In order to improve virtualization performance and simplify VMM implementation, Intel has developed VT-x [37], a virtualization extension to the x86 ISA. AMD also provides a similar extension with a different hardware interface called SVM [3].

The simplest method of adapting hardware to support virtualization is to introduce a mechanism for trapping each instruction that accesses privileged state so that emulation can be performed by a VMM. VT-x embraces a more sophisticated approach, inspired by IBM’s interpre tive execution architecture [31], where as many instructions as possible, including most that access privileged state, are executed directly in hardware without any intervention from the VMM. This is possible because hardware maintains a “shadow copy” of privileged state. The motivation for this approach is to increase performance, as traps can be a significant source of overhead.
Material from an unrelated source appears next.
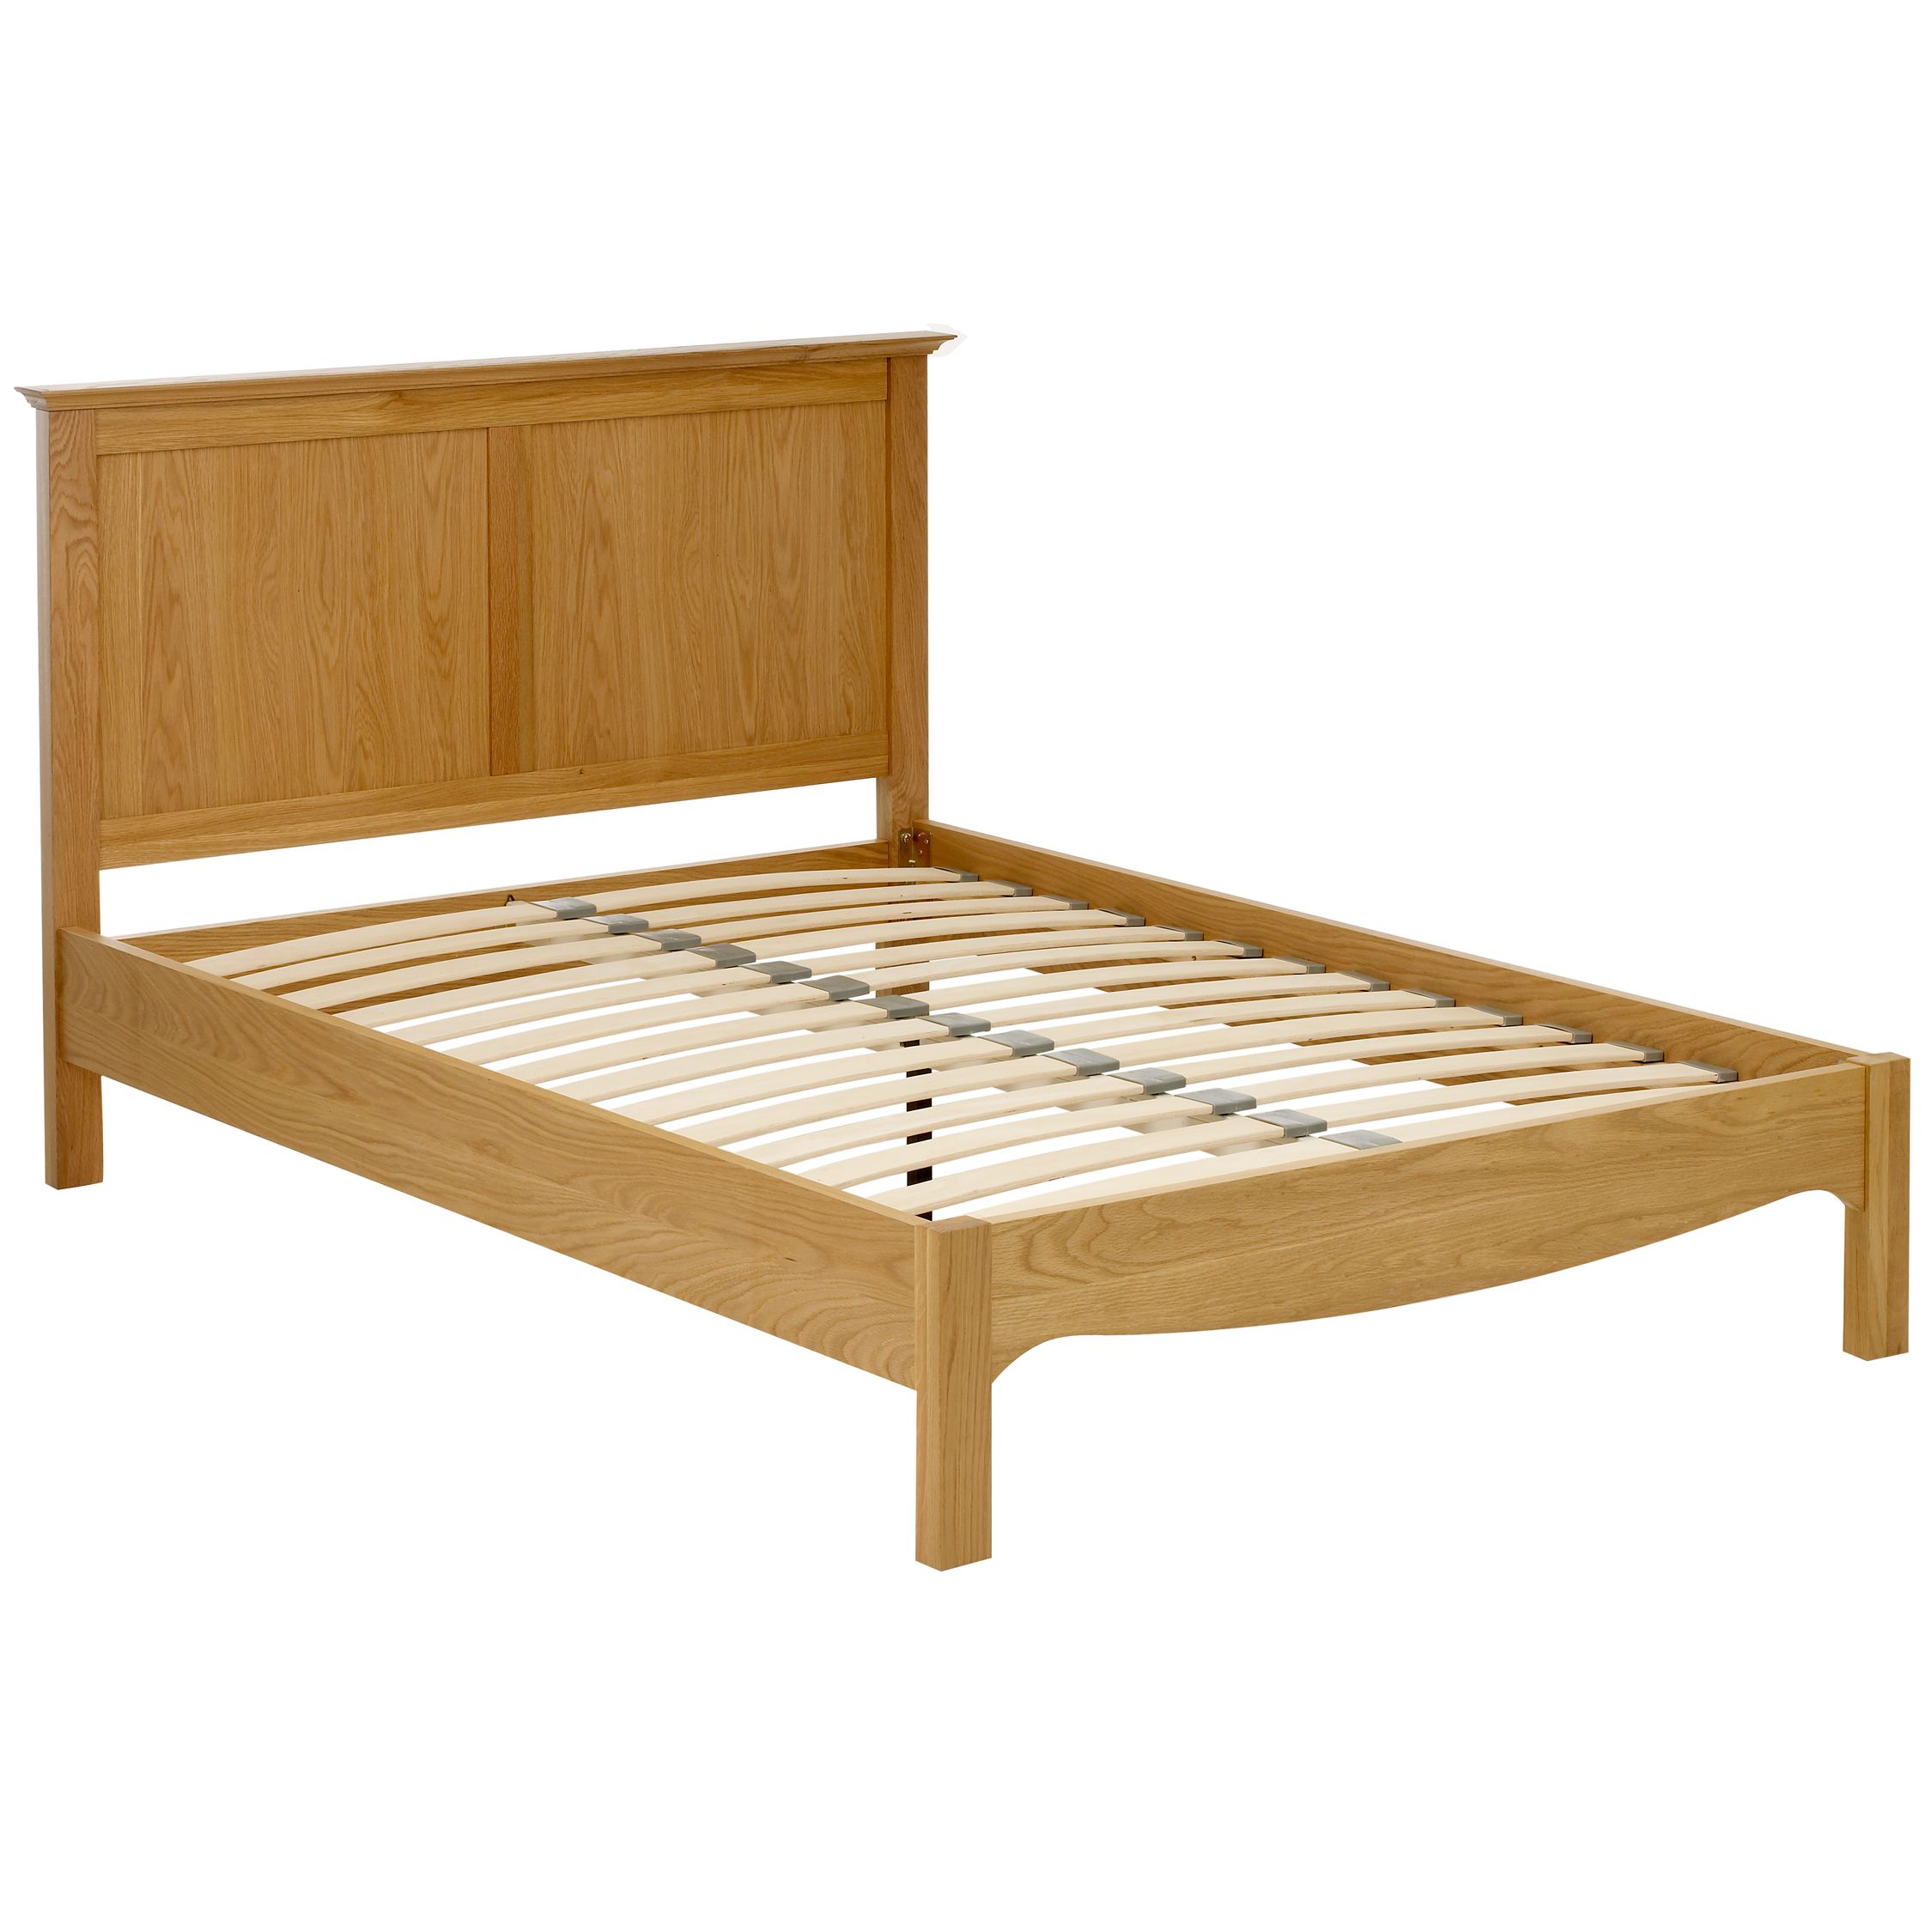 John Lewis Darcy Low End Bedstead, Double at John Lewis

VT-x adopts a design where the CPU is split into two operating modes: VMX root and VMX non-root mode. VMX root mode is generally used to run the VMM and does not change CPU behavior, except to enable access to new instructions for managing VT-x. VMX non-root mode, on the other hand, restricts CPU behavior and is intended for running virtualized guest OSes.

Transitions between VMX modes are managed by hardware. When the VMM executes the VMLAUNCH or VMRESUME instruction, hardware performs a VM entry; placing the CPU in VMX non-root mode and executing the guest. Then, when action is required from the VMM, hardware performs a VM exit, placing the CPU back in VMX root mode and jumping to a VMM entry point. Hardware automatically saves and restores most architectural state during both types of transitions. This is accomplished by using buffers in a memory resident data structure called the VM control structure (VMCS).

In addition to storing architectural state, the VMCS contains a myriad of configuration parameters that allow the VMM to control execution and specify which type of events should generate VM exits. This gives the VMM considerable flexibility in determining which hardware is exposed to the guest. For example, a VMM could configure the VMCS so that the HLT instruction causes a VM exit or it could allow the guest to halt the CPU. However, some hardware interfaces, such as the interrupt descriptor table (IDT) and privilege modes, are exposed implicitly in VMX non-root mode and never generate VM exits when accessed. Moreover, a guest can manually request a VM exit by using the VMCALL instruction.

Virtual memory is perhaps the most difficult hardware feature for a VMM to expose safely. A straw man solution would be to configure the VMCS so that the guest has access to the page table root register, %CR3. However, this would place complete trust in the guest because it would be possible for it to configure the page table to access any physical memory address, including memory that belongs to the VMM. Fortunately, VT-x includes a dedicated hardware mechanism, called the extended page table (EPT), that can enforce memory isolation on guests with direct access to virtual memory. It works by applying a second, underlying, layer of address translation that can only be configured by the VMM. AMD’s SVM includes a similar mechanism to the EPT, referred to as a nested page table (NPT).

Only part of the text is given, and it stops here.